Language Reflections

Last month, I quietly announced the project that I had been working on: a collection of Python modules and tools for reading, writing and modifying Android packages and the files contained within them. The motivation for doing this was my unwillingness to write Java just to learn about Android programming. The aim of having a collection of tools to manipulate packages was to enable the creation of new packages containing code that was assembled or compiled from languages other than Java. The irony of this is that I've learned more about Java in the last few months while actively trying to avoid it than I have in the preceding ten years of simply ignoring it.

DUCK

The Dalvik Unpythonic Compiler Kit (DUCK) is the result of this experiment to see if it was practical to create “native” Android packages using something other than the Android SDK, and also explore how small these packages can be. Originally, I had thought that all the work would have gone into handling the Dalvik bytecode, but it turns out that constructing the DEX files containing the bytecode and class information was where most the effort was needed. Other elements of packages, such as resource manifests, also required more attention than I had expected.

It's been an eye-opening experience to dig into how Java code is deployed on Android. My impression of how Java was compiled and deployed was that it must surely be distilled down to low-level bytecode that was tightly linked to the resources it used, possibly involving some highly-optimised linking magic. The realisation that it actually involves a load of indexed strings in a file (plus references to these strings) is actually something of a disappointment.

I haven't yet finished describing the process of putting packages together. At some point I'll cover the annoying restrictions on the order of various elements in DEX files which make it harder than necessary to minimise the space they use, and the unpleasantness around variable-length branch instructions that make assembling bytecode a more intensive process than it perhaps needs to be.

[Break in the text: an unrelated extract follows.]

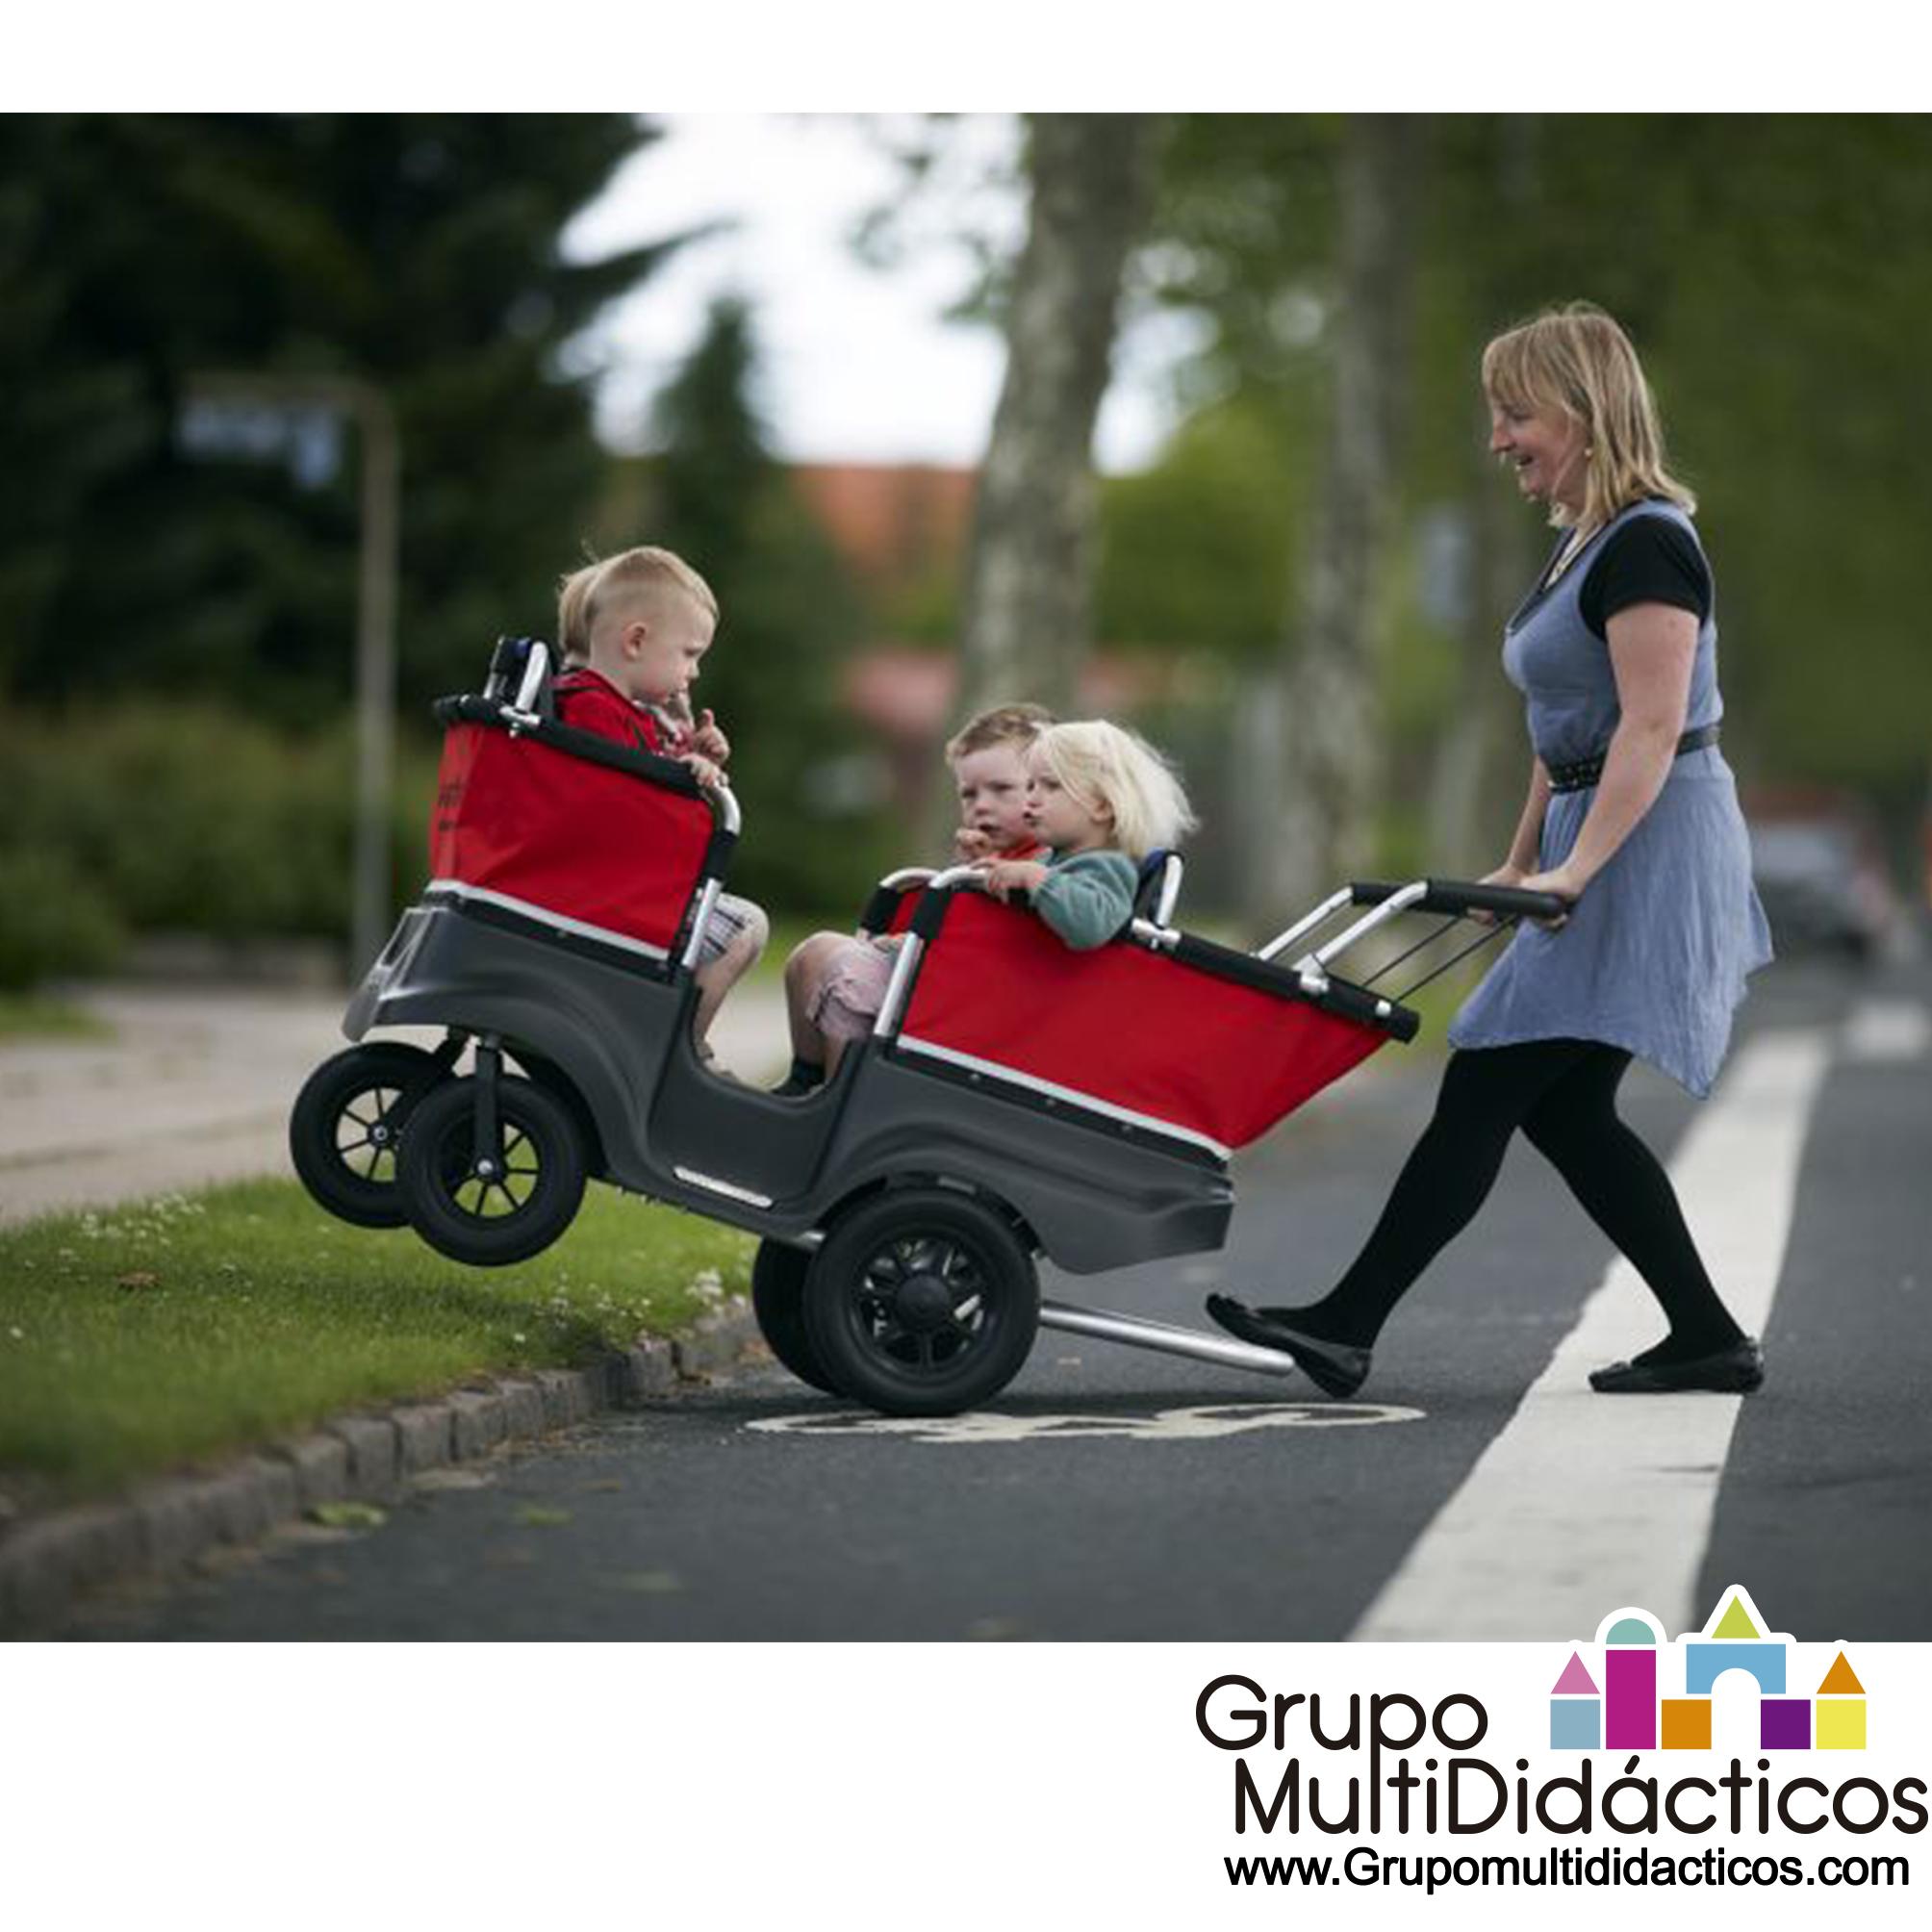 https://multididacticos.com/images/productos/peq/carro%20guarderia%207b.jpg
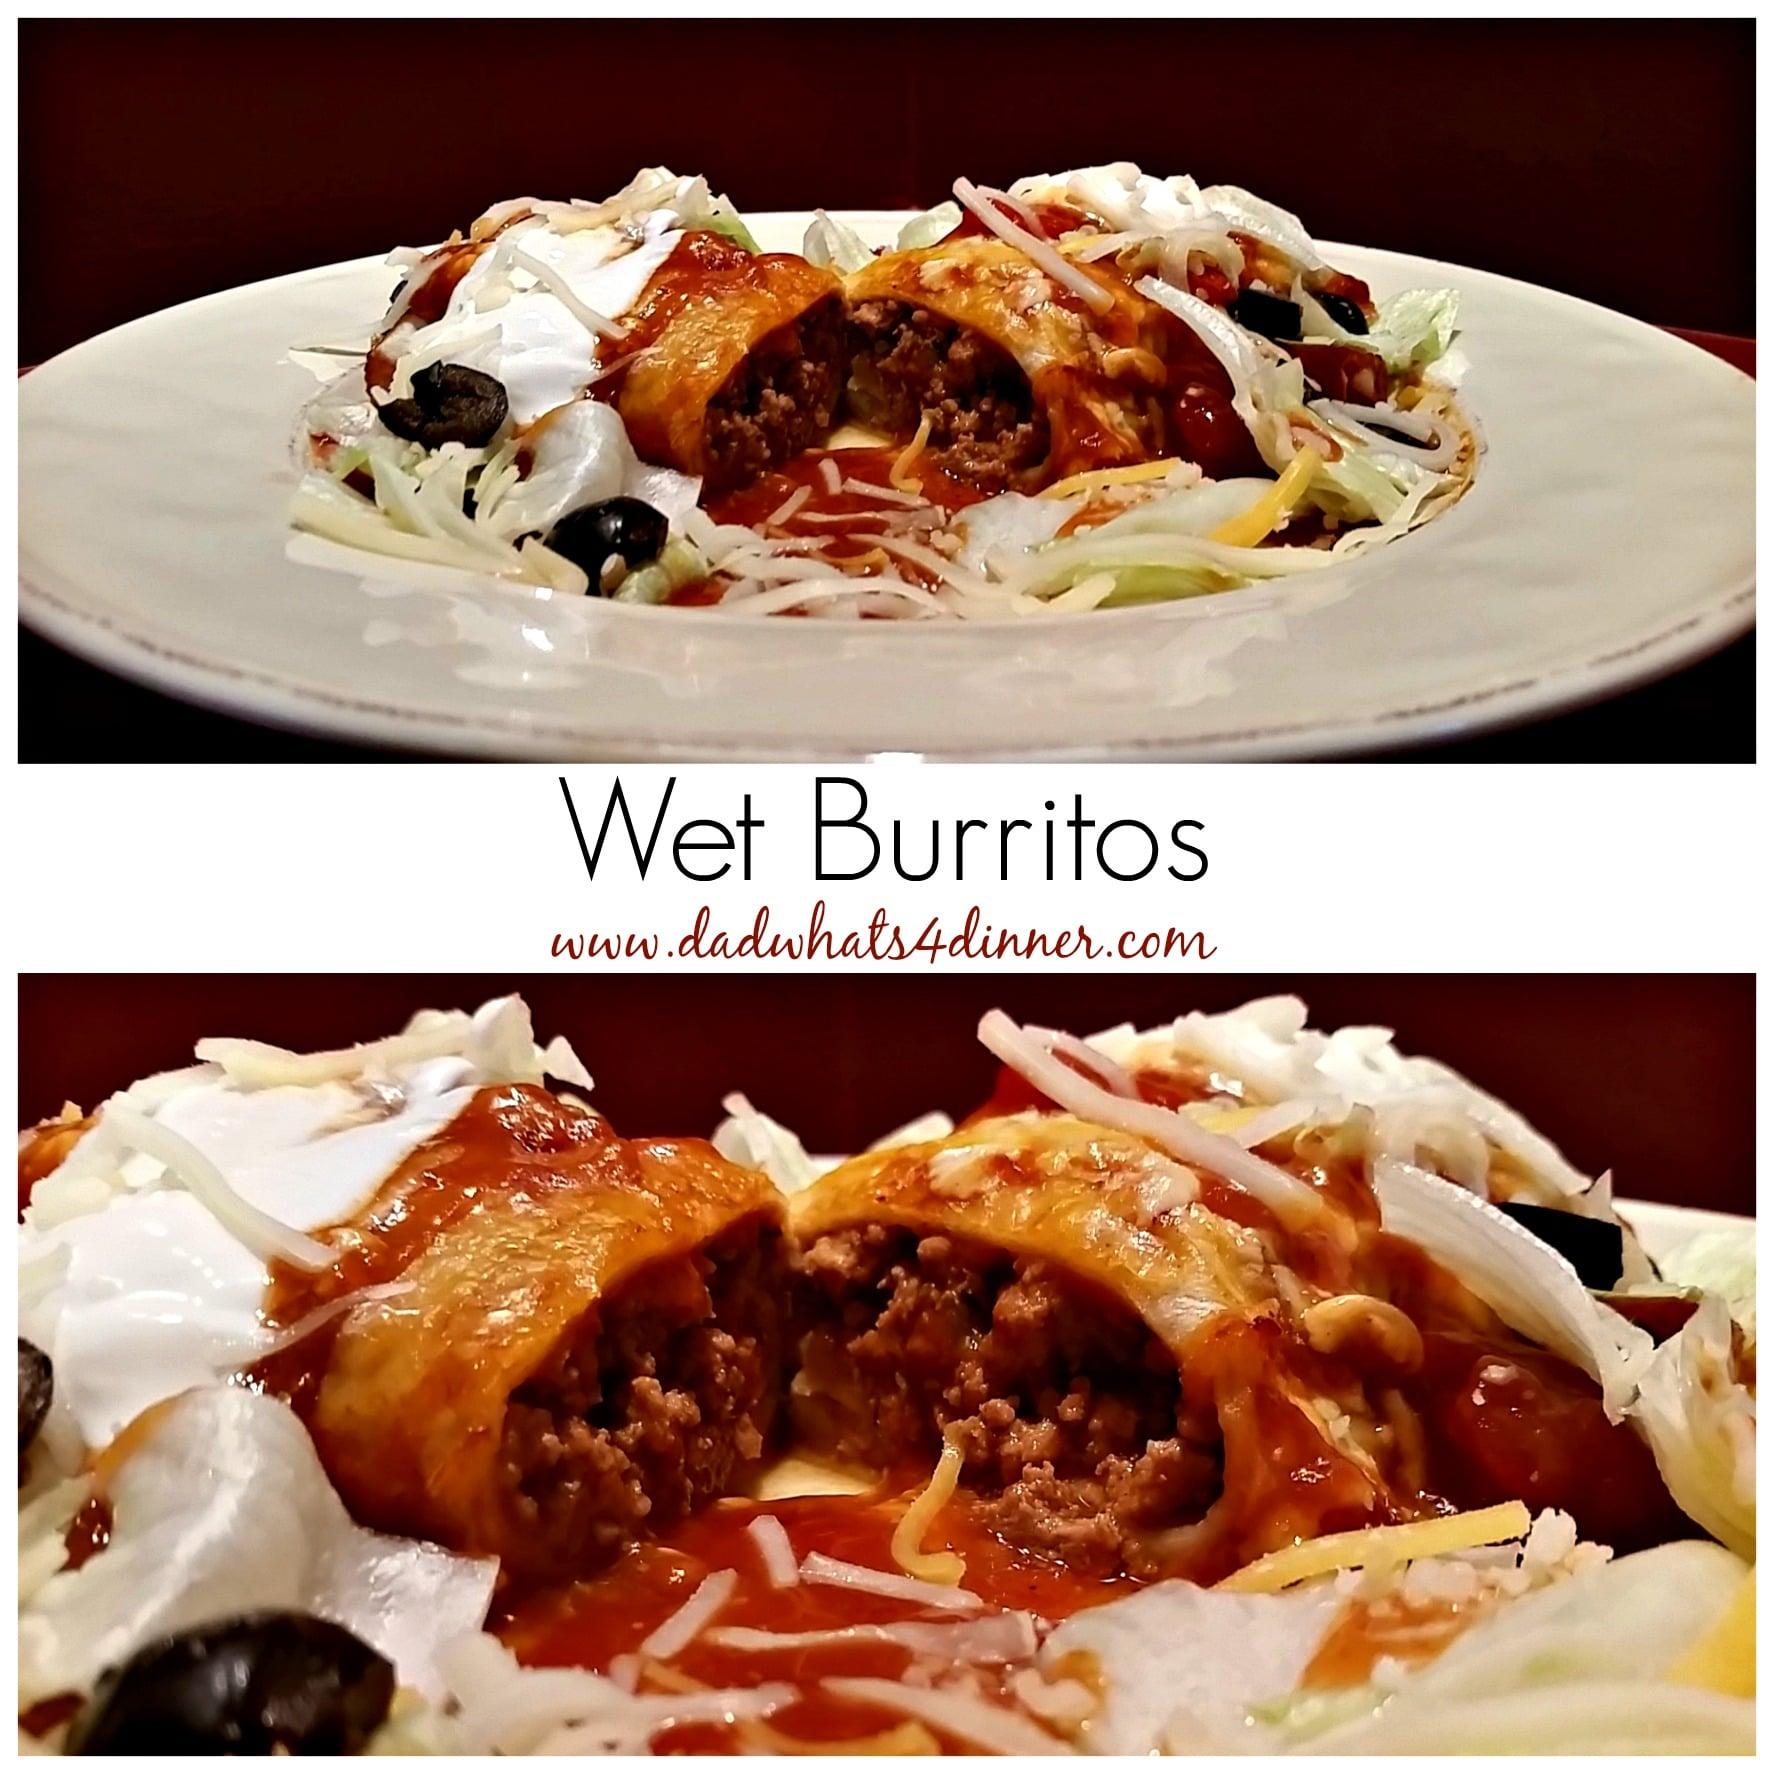 Wet Burritos |https://dadwhats4dinner.com

At the moment I'm still surprised that this approach actually works, which is not really an ideal point of view to have about a piece of software you want to rely on. Having said that, it's been working pretty well for a few months now, so the obvious problems have already been fixed. Most problems I encounter tend to be caused by the compiler I've been building on top of this collection of components.

Serpentine

The first language I've experimented with is based on Python syntax because I'm fairly comfortable with writing Python code. Examples of the syntax can be found in the Making Friends with Robots and Juggling Registers articles. For very simple programs, the only noticeable difference is the use of method decorators to describe the parameter and return types of those methods. If you are familiar with language bindings for libraries written in statically-typed languages, such as PyQt for the Qt framework, you are probably not surprised by this kind of decoration.

I've been slowly building up support for some of the niceties of Python's syntax that I use, and ignoring things I don't. This isn't the Python language. The compiler accepts valid Python syntax, but it won't compile all valid Python. Conversely, some valid Python syntax that the Serpentine language relies on won't run correctly in CPython. For example, we need to allow methods to be overloaded, with different versions of the same named method accepting different types of parameters. The way this is done is to allow methods with the same name to be defined more than once — in Python, this means that only the last method will be present in the class definition unless fancy tricks were performed to keep the others around.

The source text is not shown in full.